2010 was a much better year for the Arena-run team, with Tom Chilton and Tom Onslow-Cole taking a victory apiece when the series reached its third event at Brands Hatch. The pair would go on to score another five victories between them, although without some very conspicuous team orders at Silverstone, TOC would have had a genuine chance to win the overall title.
The 2011 season saw Chilton paired with Andy Neate and, later, Tom Onslow-Cole. Chilton would only take two victories during the season before departing for the WTCC. Motorbase-run Airwaves Ford Focus’ saw much more success in 2011, with Mat Jackson taking four victories and 4th in the championship.

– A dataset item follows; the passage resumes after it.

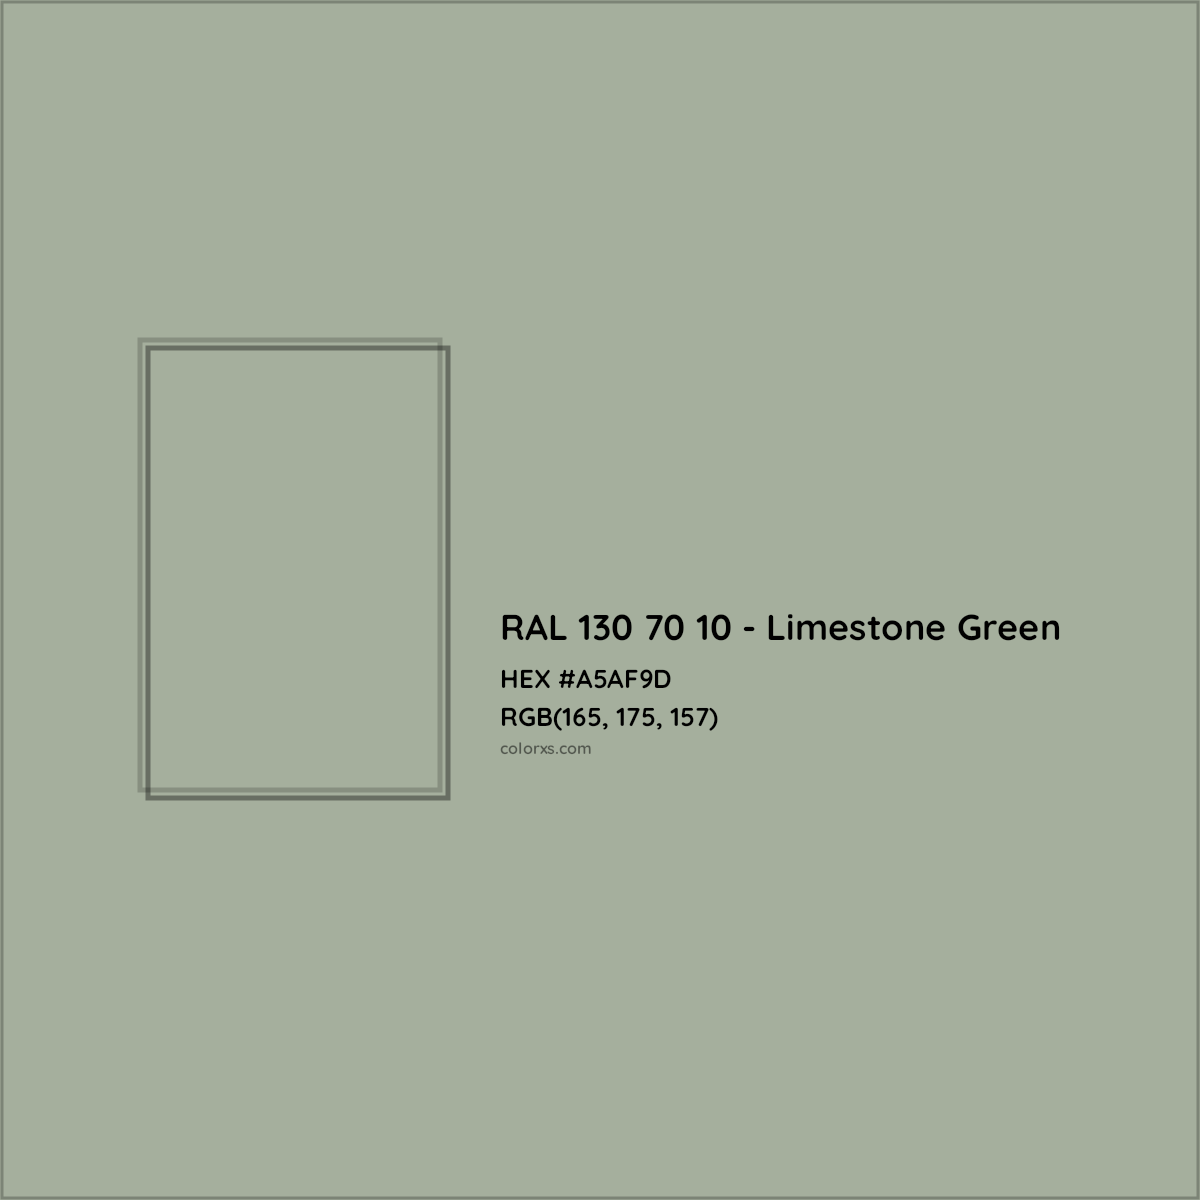 HEX #A5AF9D RAL 130 70 10 - Limestone Green CMS RAL Design - Color Code

Motorbase achieved more victories in the S2000 Focus in 2012, but its attention had already turned to NGTC regulations, with Mat Jackson being switched into a new-spec Focus towards the end of the season. The Ford Focus has the honour of taking the last ever overall race victory for an S2000 specification car. The win came in the penultimate race of 2012 at Brands Hatch, with Aron Smith at the wheel.
The S2000 Focus continues to make appearances at BTCC rounds under the Motorbase banner, with Liam Griffin finding himself the closest challenger to the all-dominant Lea Wood in the Jack Sears Trophy.
So, the S2000 class is soon to be no more, but it has proved to be a hugely important chapter in the BTCC’s history. Huge grids towards the end of the last decade proved its success, and NGTC certainly has a lot to live up to.